Ce n’était pourtant pas gagné d’avance, car c’est toujours une prise de risque que de faire un film à partir d’une pièce de théâtre. Ce qui fonctionne parfaitement sur scène peut, éventuellement, paraître bien ennuyeux lorsque c’est projeté sur grand écran. Le défi qui se présente à qui a des velléités de faire du cinéma de cette manière-là, c’est, pourrait-on dire, de ne pas se détourner du théâtre, d’en respecter certaines conventions, tout en donnant le sentiment qu’on fait autre chose. Même s’il s’agit d’un huis-clos ou d’un quasi huis-clos, le cinéma offre des possibilités que la scène ne permet pas, ce que Florian Zeller a parfaitement su intégrer dans son long-métrage.

Je ne saurais, cependant, faire des comparaisons, puisque je ne connais que le film, mais, ce que je peux dire, c’est que, d’un point de vue cinématographique, le pari est réussi. Il faut dire que Florian Zeller a fait appel, pour incarner les deux personnages principaux, à la crème des interprètes. Peut-on rêver mieux qu’Anthony Hopkins, qui garde son prénom dans le film, pour jouer le rôle-titre, le père, homme de 81 ans qui connaît de sérieuses fuites de mémoire et en vient à perdre tous ses repères ? Et qui peut-on souhaiter de mieux qu’Olivia Colman (actrice dont on a déjà pu apprécier le talent dans la série The Crown) pour jouer Anne, la fille d’Anthony ? Tous deux se donnent à fond dans leurs rôles respectifs et sont extraordinaires.

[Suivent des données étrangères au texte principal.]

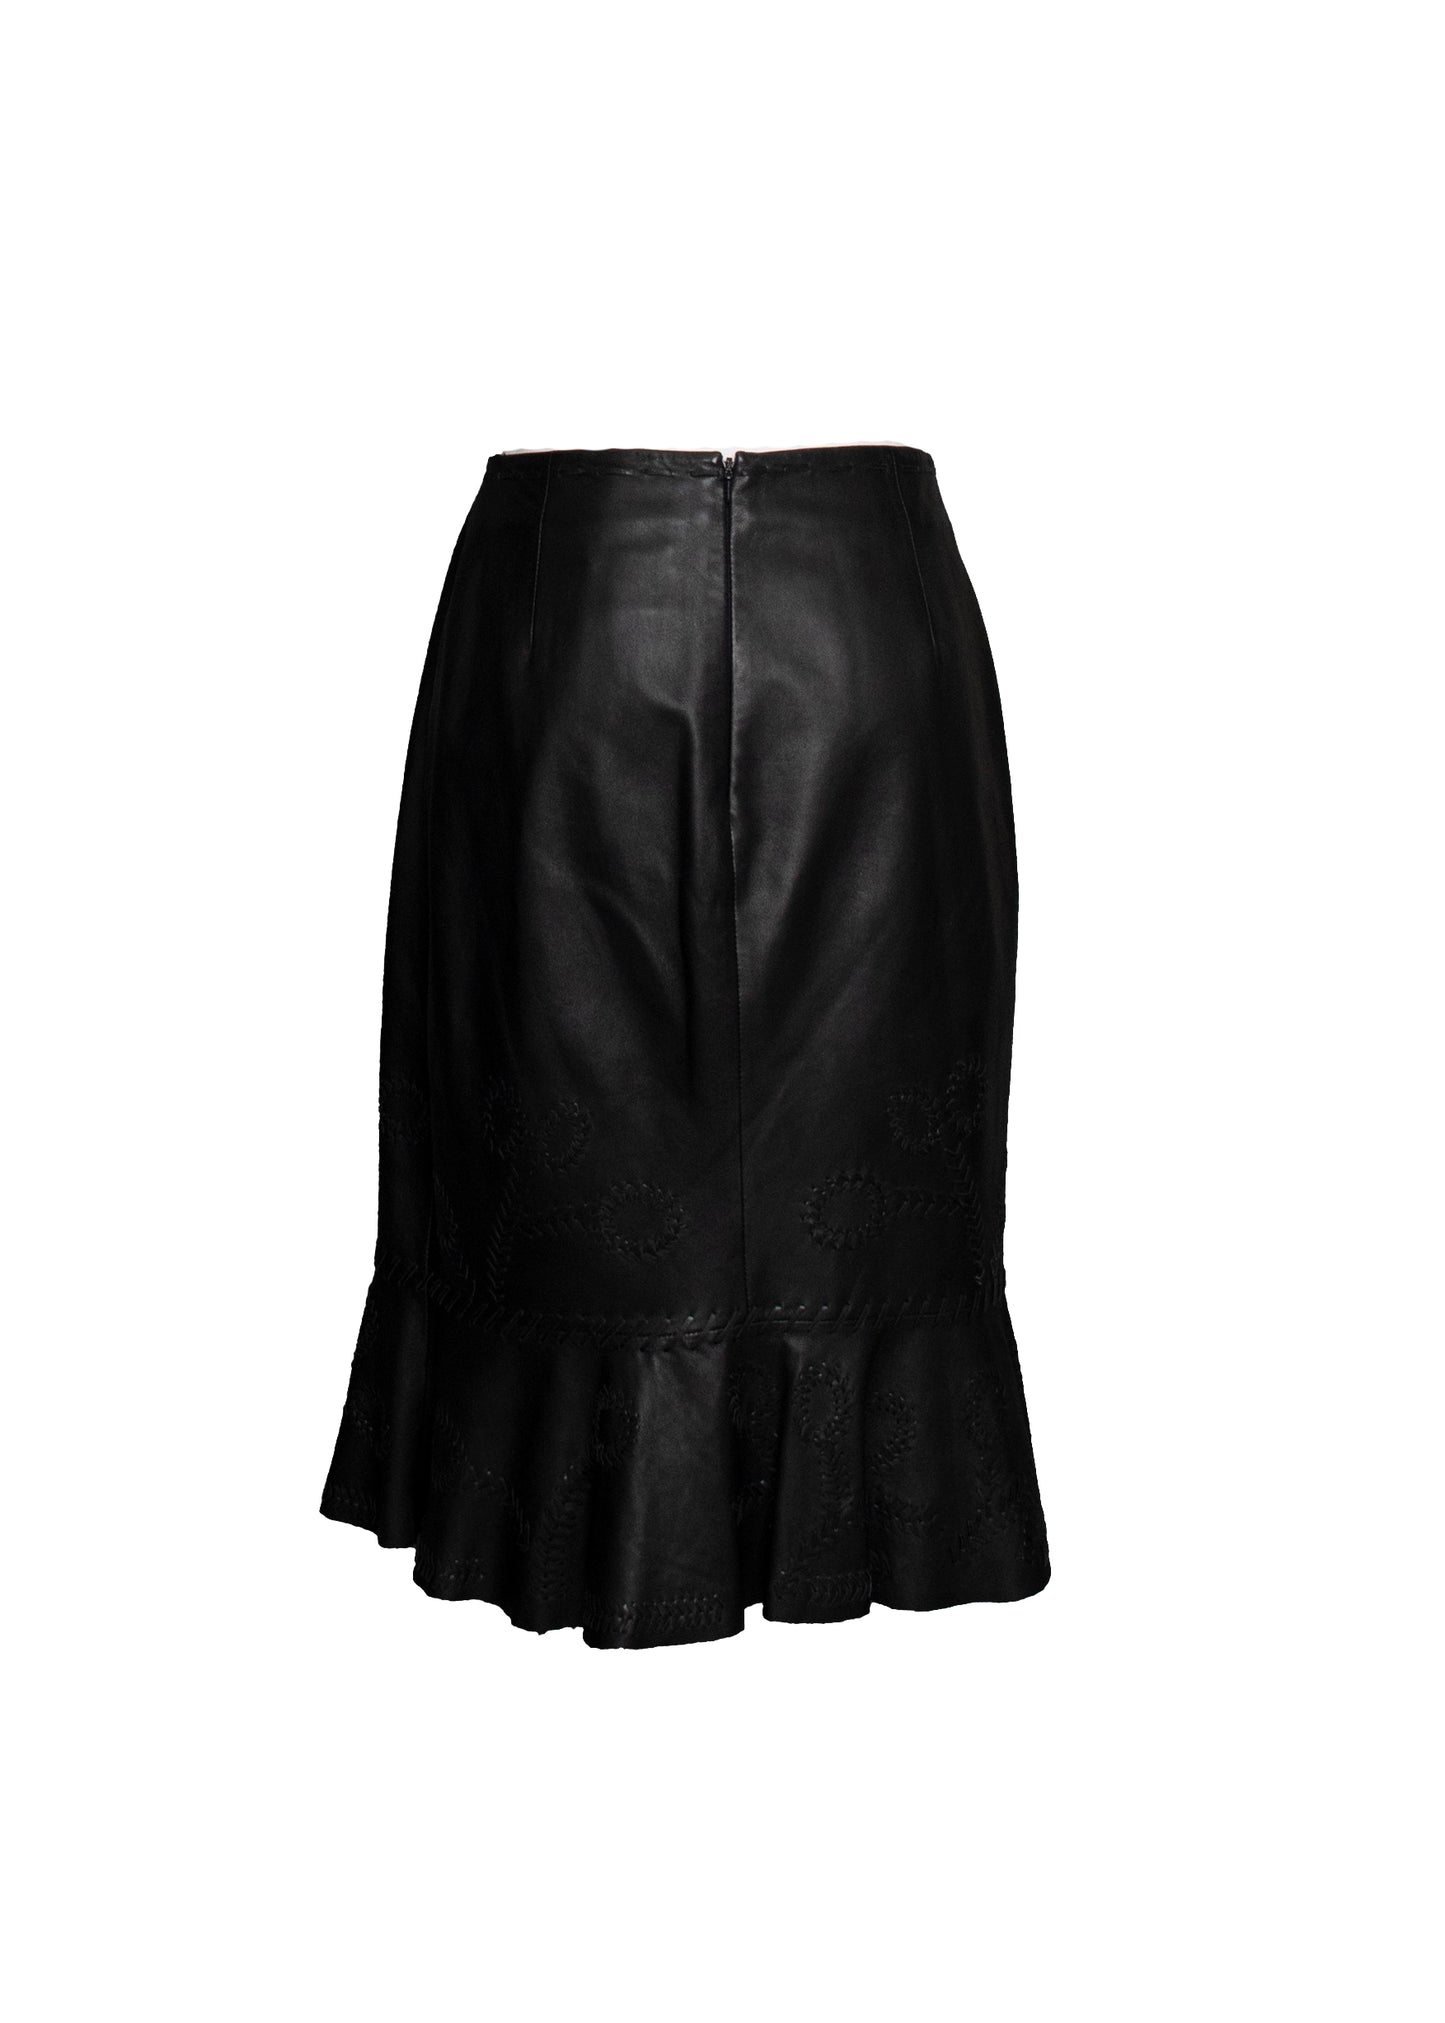 90s Oscar de la Renta Black Leather Skirt M

Mais le film offre mieux encore que de grands numéros d’acteurs. Car Florian Zeller l’a composé de manière incroyablement subtile, de façon à mettre, en quelque sorte, les spectateurs eux-mêmes dans la tête d’Anthony. Comme si, avec lui, nous devions, nous aussi, perdre nos repères, que ce soit du point de vue de l’espace comme de celui de la temporalité. Les scènes successives, qui font intervenir d’autres personnages, des infirmières ou aides à domicile par exemple, nous les percevons, nous aussi, spectateurs, avec la confusion qui s’empare de l’esprit d’Anthony. Des objets disparaissent, Anthony s’imagine qu’on l’a volé, il croit être chez lui quand il est dans l’appartement d’Anne, etc. On ne sait jamais, sur le coup, si ce qu’on voit à l’écran est réel, ou si c’est le produit de l’esprit embrouillé d’Anthony. Ce choix de mise en scène, très convaincant, donne au film un caractère unique, inédit. Peut-être nous fera-t-il aussi changer nos regards ? Quand nous aurons affaire à des aînés qui, comme on dit parfois, perdent la boussole, nous saurons peut-être faire davantage preuve de patience avec eux. Ce film bouleversant nous y invite très fortement, c’est sûr. 

8/10

 

                                                                                     Luc Schweitzer, ss.cc.